- DATA EXTRACT:
- - -

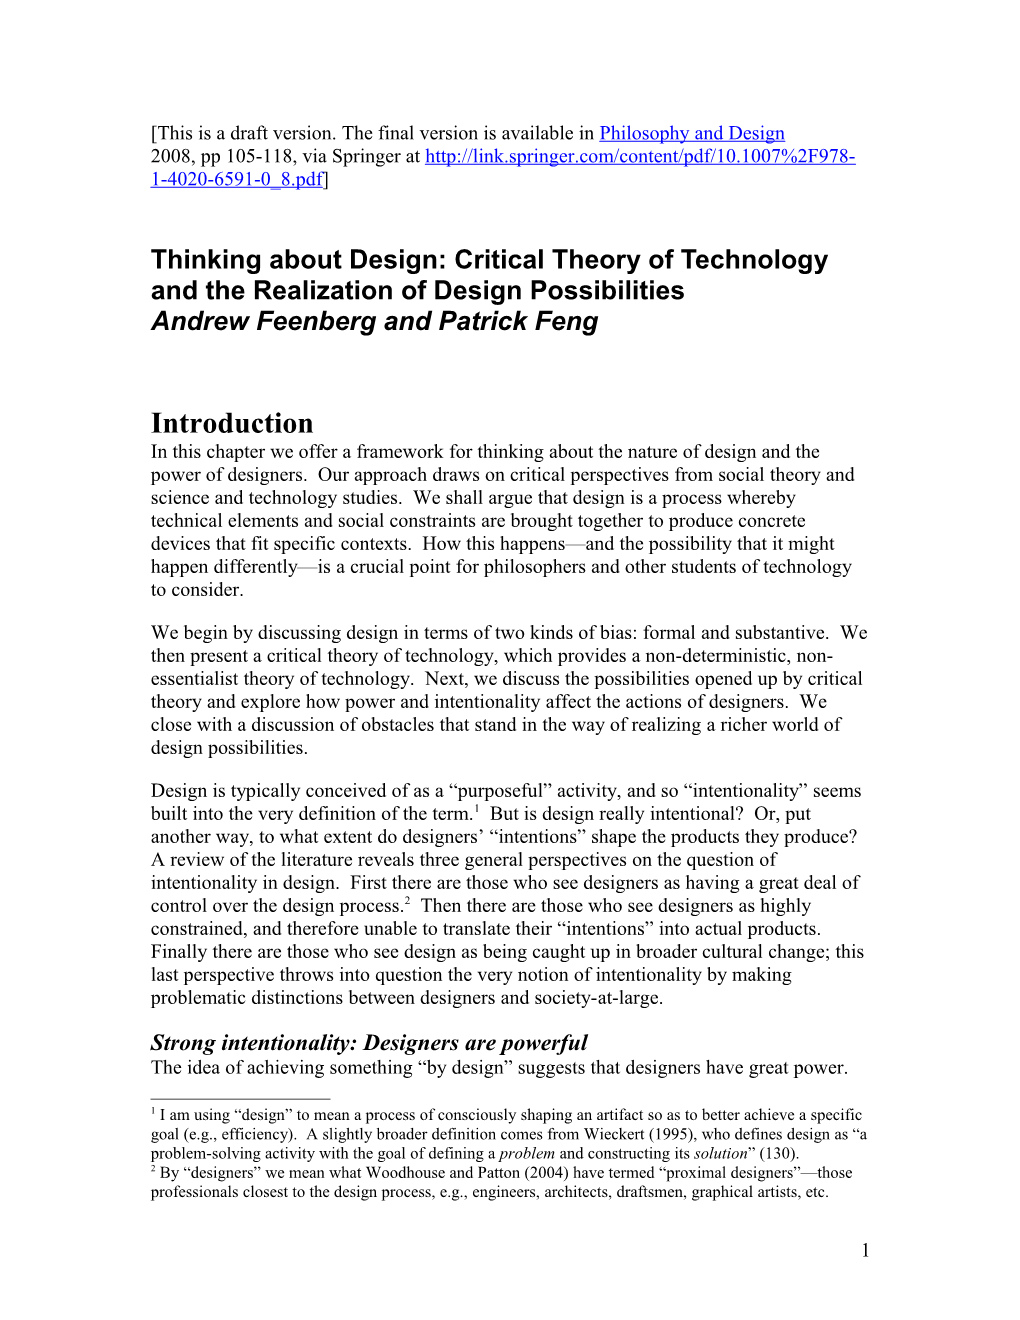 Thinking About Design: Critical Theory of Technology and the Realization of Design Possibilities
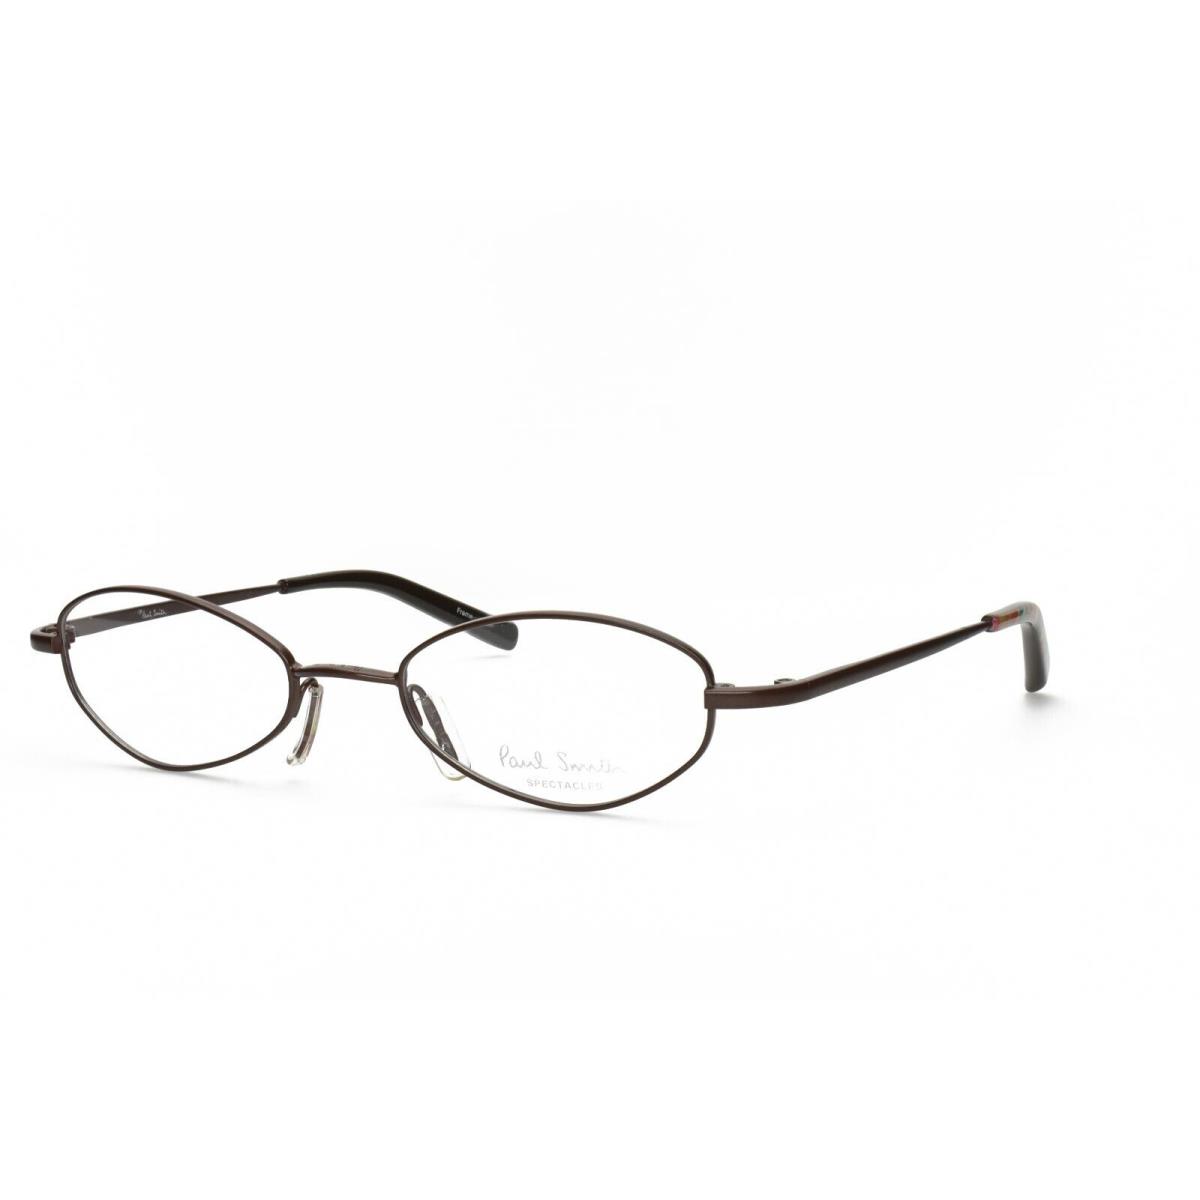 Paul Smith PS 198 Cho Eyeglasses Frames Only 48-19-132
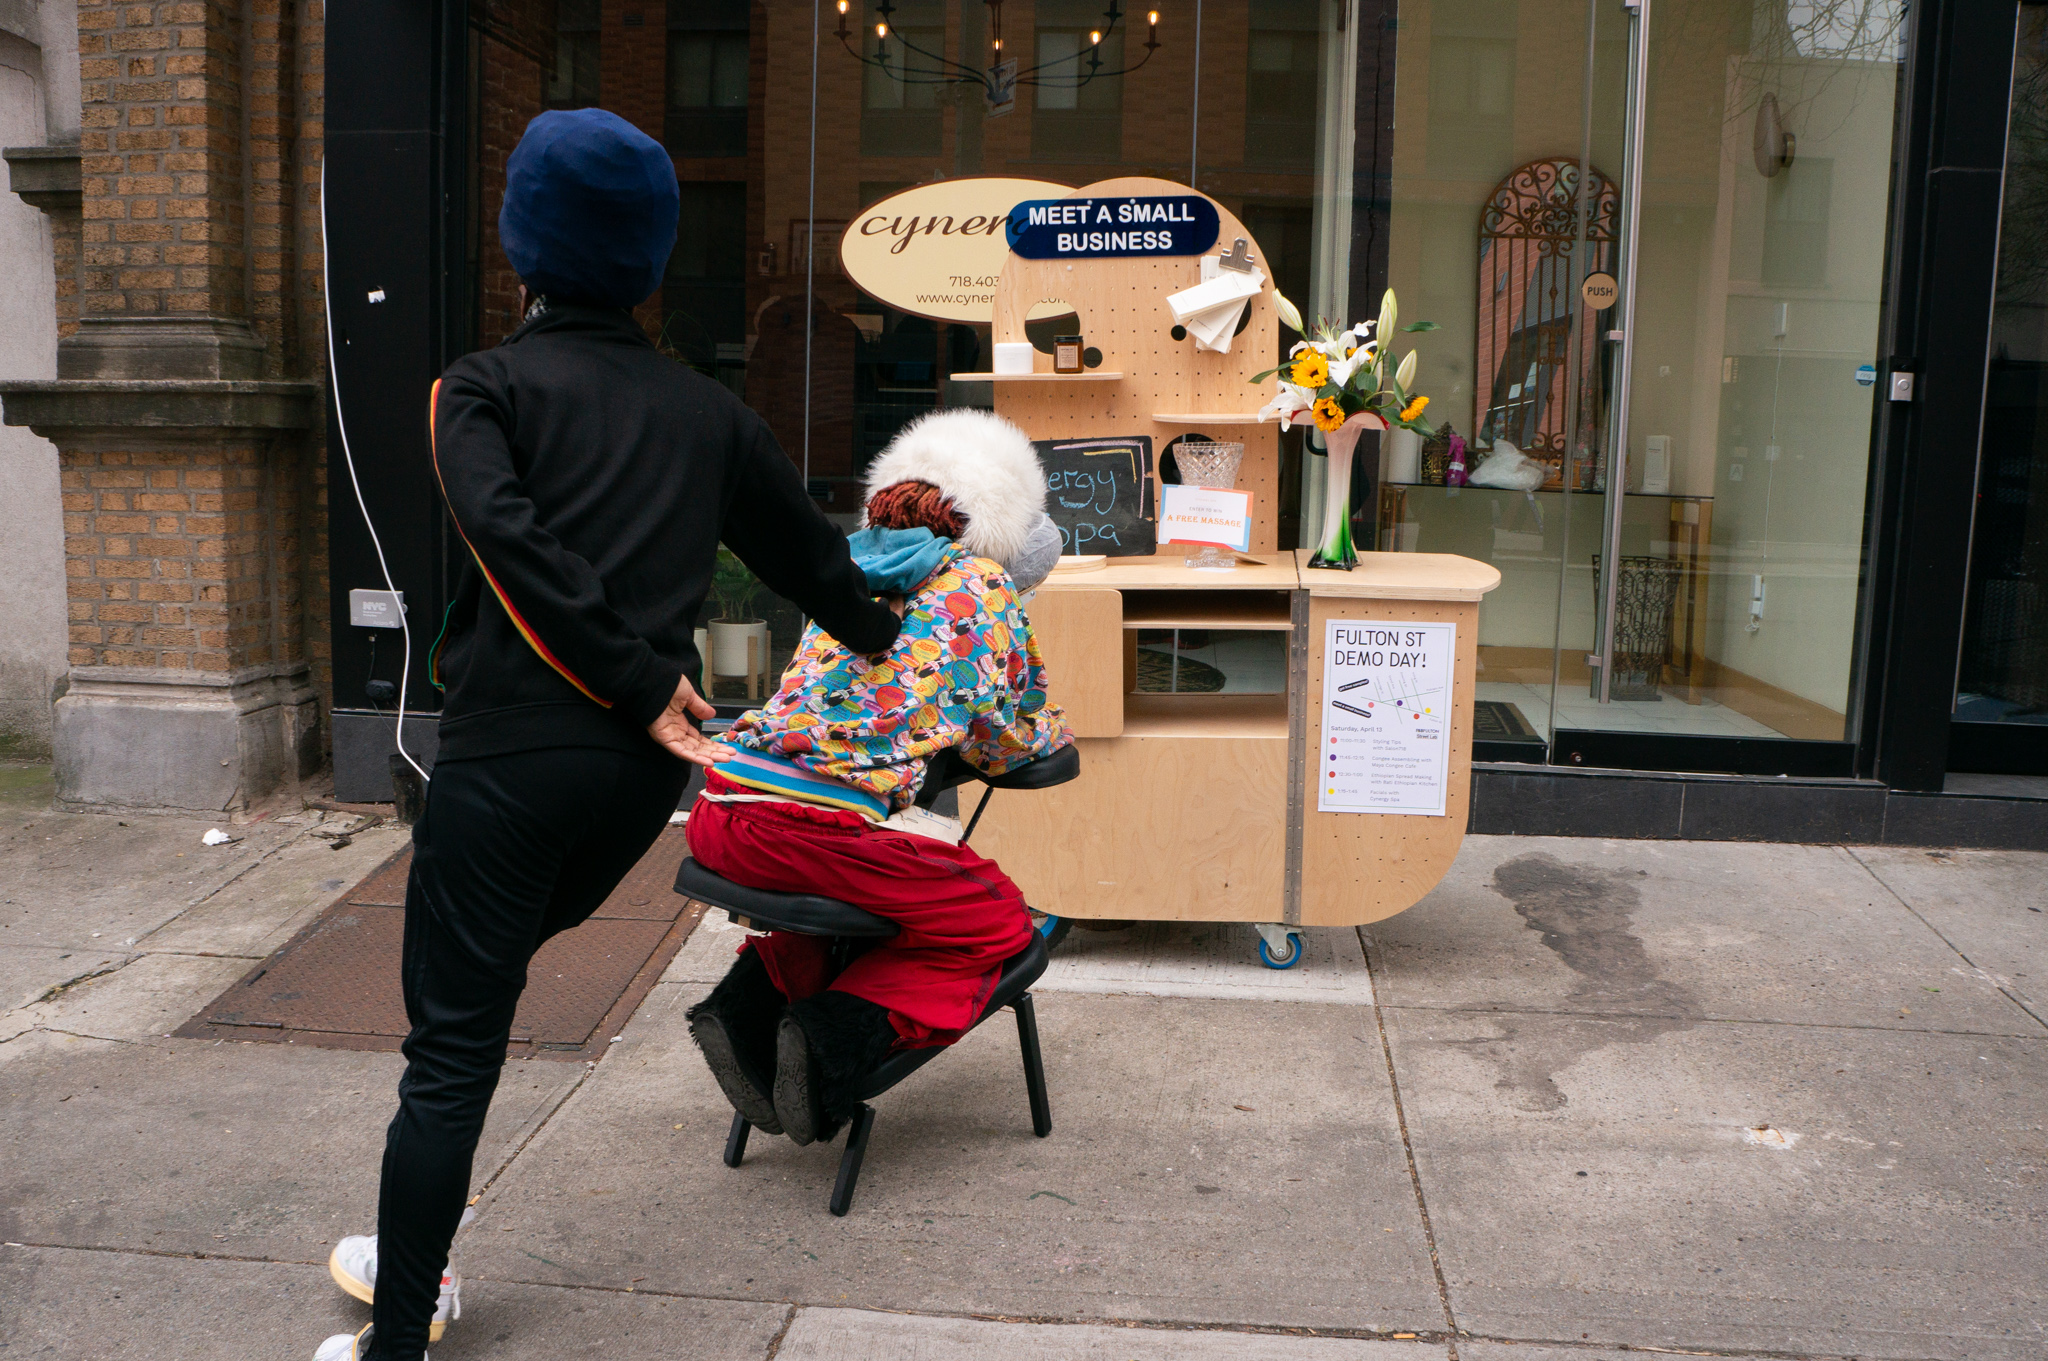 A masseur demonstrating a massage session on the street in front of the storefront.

- - -

- WHAT IS EXPECTED:
Could the data above be returned in full, exactly, with every image left out?

- WORKED SOLUTION:
 Thinking About Design: Critical Theory of Technology and the Realization of Design Possibilities
 Paul Smith PS 198 Cho Eyeglasses Frames Only 48-19-132
 A masseur demonstrating a massage session on the street in front of the storefront.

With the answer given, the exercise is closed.